So do you have any sense of how many Russian forces may be aboard the ships that are in the Black Sea and the Sea of Azov who haven't been brought in? Because I'm assuming that those are not counted when you talk about roughly 100 percent of the forces amassed are -- are in, right? Am I making sense?
SENIOR DEFENSE OFFICIAL: I -- I -- I think you are. I don't know, Court, how many naval infantry are on any of the amphibious ships that -- that we assess that the Russians still have available to them in the Black Sea.
We saw -- when they landed south of Mariupol, we estimated several thousand. That was the best we could do. We just don't have good fidelity on who they've got on board.
They still have about 10 to 11 LSTs available to them inside the Black Sea. But again, we don't know -- we just don't have a sense of how many they have on board or -- and, you know, on the -- on the missiles the -- just to be clear the half or dozen or so that we have seen supplied from the Black Sea are cruise missiles, surface-launched, ship-launched cruise missiles.
And again, half a dozen or so. They do have roughly a dozen or so surface combatants up in that part of the Black Sea. So that would be our assumption from where they're -- they're coming from. I don't know if that answers your question or not.
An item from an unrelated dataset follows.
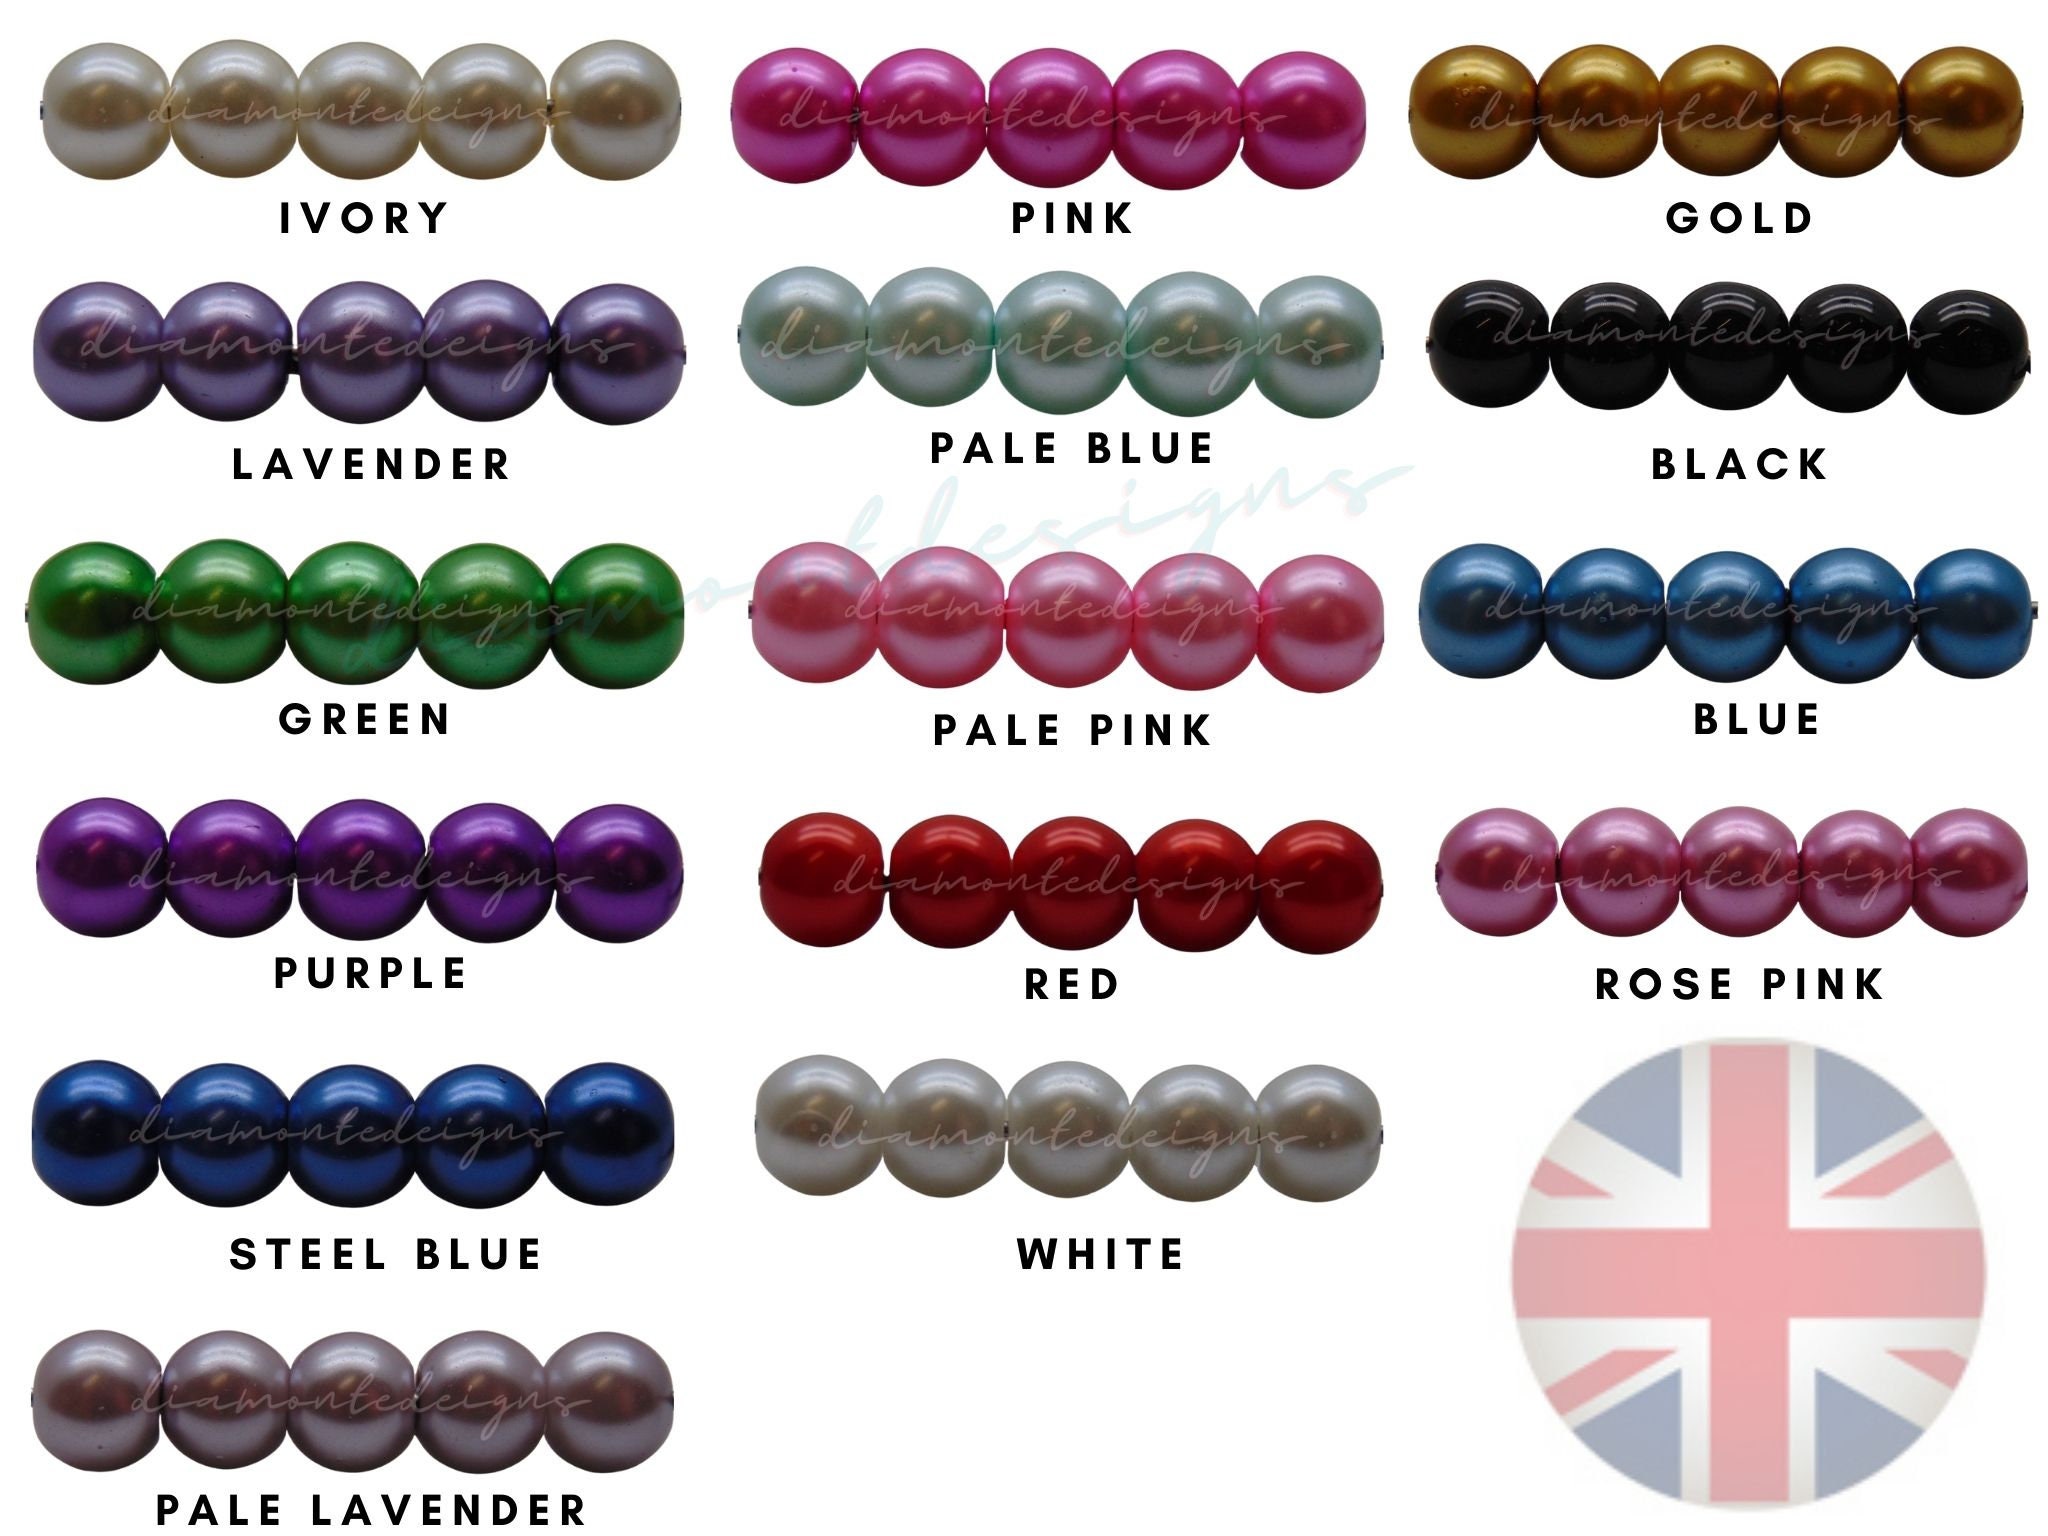 Marbled Glass Beads 200x 6mm 100x 8mm 50x 10mm Colour Choice Jewellery  Making

Q: It does -- I guess what I'm trying to get at is it seems as if even though we're all talking about they have this like the vast majority of the -- the forces and mass around Ukraine are now inside.
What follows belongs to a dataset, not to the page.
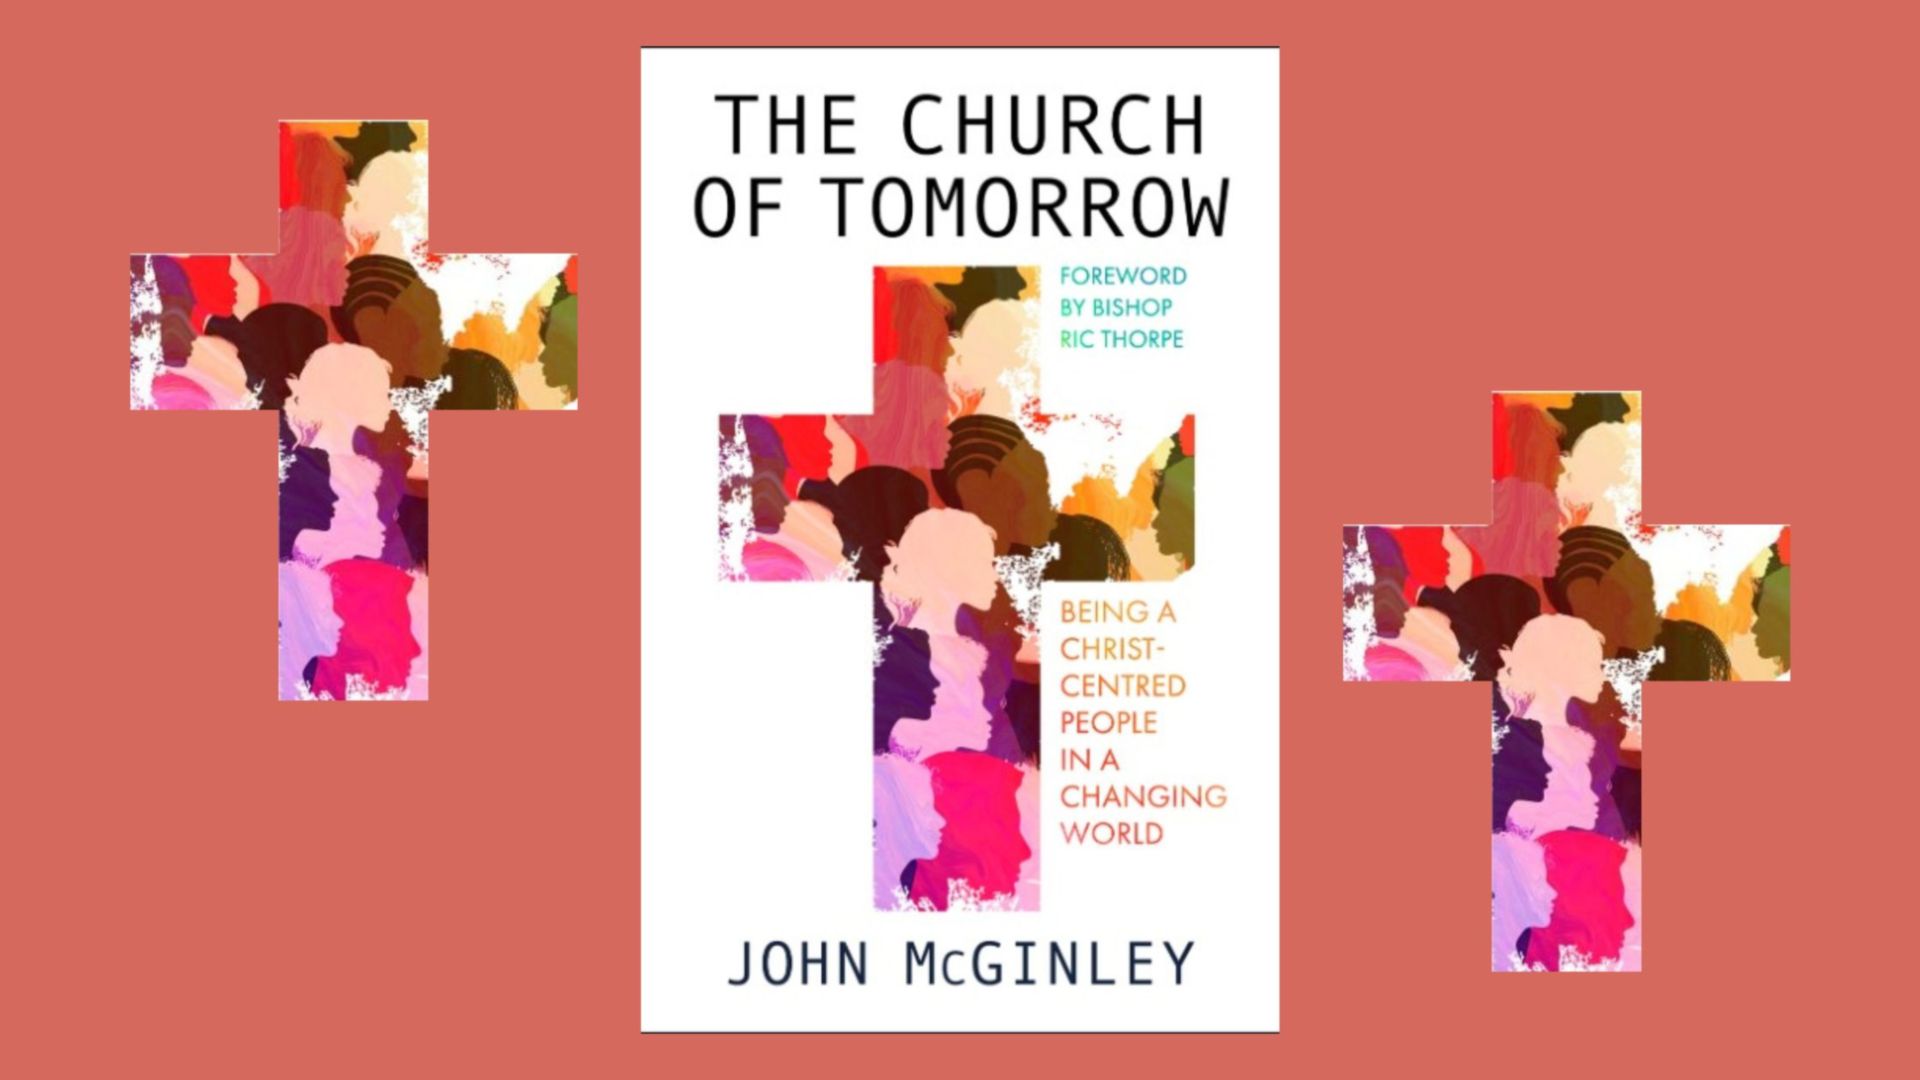 An interview with John McGinley, author of the book 'The Church of Tomorrow'

But it does actually seem like there is still this one large potential pocket of force that's not been tapped into for the most part, right. I mean, is that fair to say that 11 -- 10 or 11 LSTs with an unknown number of infantry and surface -- and cruise missiles on board. And that really hasn't been tapped into yet, right? Is that -- is that fair to -- is that a fair assessment?
SENIOR DEFENSE OFFICIAL: We don't -- we -- again, without knowing exactly how many naval infantry we're talking about, when we -- I said nearly 100 percent, I didn't say all 100 percent has been inserted into Ukraine. We would consider the naval infantry combat power that he has available to him as part of that -- part of that total force.
Q: As part of the total force that's already been committed to Ukraine you mean?
SENIOR DEFENSE OFFICIAL: Part of the -- part of his total forces, not all of it is inserted, and -- and as I said, the -- we think -- we think nearly 100 percent but not -- not fully 100 percent. And certainly, he has available to him as the remaining forces not in Ukraine, he certainly has available to him naval infantry.
Q: Okay. Thank you, I appreciate it.
SENIOR DEFENSE OFFICIAL: Yep. Matt Seyler?
Q: Hey, (SDO), thanks. One of the common themes in these backgrounders has been that Russian forces are largely stalled in the north. It seems like there's been very little progress. I'm wondering what you're actually seeing on the ground in terms of these troops.
Are they just sitting in their vehicles all day, sleeping in their vehicles? Are there any signs that they're setting up bivouacs off the side of the road? Or any signs that they're hunkering down to be there for a little while?
And also by way of clarification you've talked about how there's indications that some of these Russian troops were unaware that they'd be heading out on an actual combat operation.
Do you mean to say that they were unaware that they'd be going on this invasion up until the point that they were given that final order to go across the border? Or that some of these troops may have actually been unaware until they were receiving return fire from Ukrainian resisters?
SENIOR DEFENSE OFFICIAL: Yeah, I mean, on the second we've -- we have anecdotal evidence that -- that some soldiers have -- have said that -- that they weren't told they were going on an invasion of Ukraine, that they believed that they were on a training exercise.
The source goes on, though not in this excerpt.